Les plans? Repartir demain à Long Beach chez Rob et Pam pour faire le point et essayer de prendre une décision calme et raisonnable. Il est cependant aussi clair que les États-Unis est le pays où je suis heureux, le seul où je me sente aussi serein, et rentrer maintenant en France me chagrinerait, hors la joie immense de retrouver Anne-Marie.
Je ne tiens pas particulièrement, pour l'heure, à me retrouver au milieu des coups tordus de la campagne électorale tricolore, surtout qu'il y a un camp où ça pue sérieusement. Bref, il y a quelque chose qui ne fonctionne pas dans mes réglages, mais je ne sais pas comment réparer. Et puis, toujours, hibou, caillou, genou...


Mise à jour: si, je sais comment réparer...
Sac ÜLA Airx: 1,1 kg - matelas intégré (économie: 2kg / dépense: $300)
Remplacer l'appareil photo par un "point and shoot" (économie: 2,5 kg / dépense: $200?)
Remplacer le portable par un carnet (économie: 1kg)
Changer les chaussures (économie: confort très amélioré, plus léger / dépense: $ 150?)
Je gagne 5,5 kg et mon poids de base retombe à 10/11 kg. Celui d'Alaska est de 8,4 kg. Comment fait-il, scrogneugneu?!
Je perds... des dollars. Non, plus exactement, Anne-Marie perd des euros...

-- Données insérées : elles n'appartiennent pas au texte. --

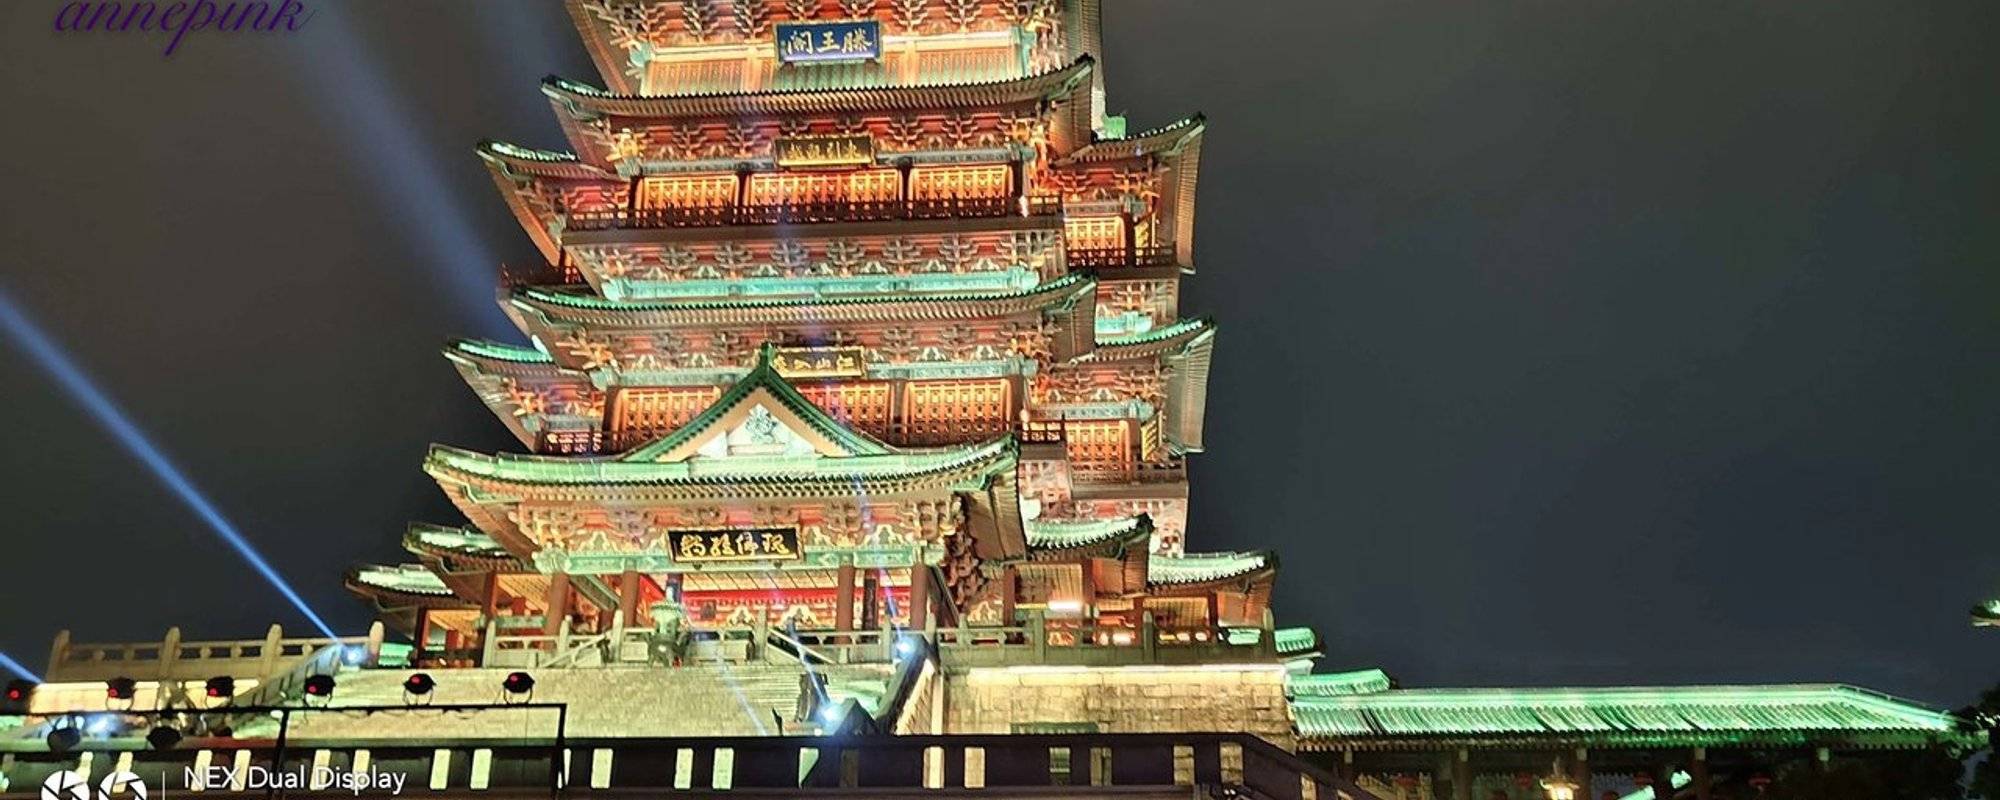 夜游中国江西名楼滕王阁🏯 Night Tour China's Jiangxi Famous Building Tengwang Pavilion

Dans tout ça, une chose me remonte le moral, quand même: Alaska a un sac de 8,4 (on parle bien du sac sans eau ni nourriture, d'accord?), le mien faisait sans doute 18 kg. J'ai aussi un certain nombre d'années de plus que lui. Et pourtant, en lisant le journal d'Alaska, avec qui j'ai traversé le désert d'Anza-Borrego, je lis ceci:

Étape Paradise Café:
"Arguably one of the hardest 8 miles I’ve ever done. It’s mostly up hill from the cache and although an early start kept me mostly in the shade it was up and up and up around every corner, then down followed by more up."
De toute évidence un des 8 miles les plus difficiles que j'aie jamais faits. C'était la plupart du temps en montée depuis la cache et malgré un départ tôt qui m'a permis de rester à l'ombre, c'était grimper, grimper et grimper à chaque virage, puis une descente et grimper encore plus".

Étape Hiker's Oasis (Nance Canyon):
"Snaking through the canyons with random climbs was wearing in me. Every time I entered auto pilot I’d stumble or twist my ankle."
Serpenter dans ces canyons avec toutes ces ascensions finissait par être usant. Chaque fois que je me mettais en pilote automatique, je trébuchais et je me tordais la cheville.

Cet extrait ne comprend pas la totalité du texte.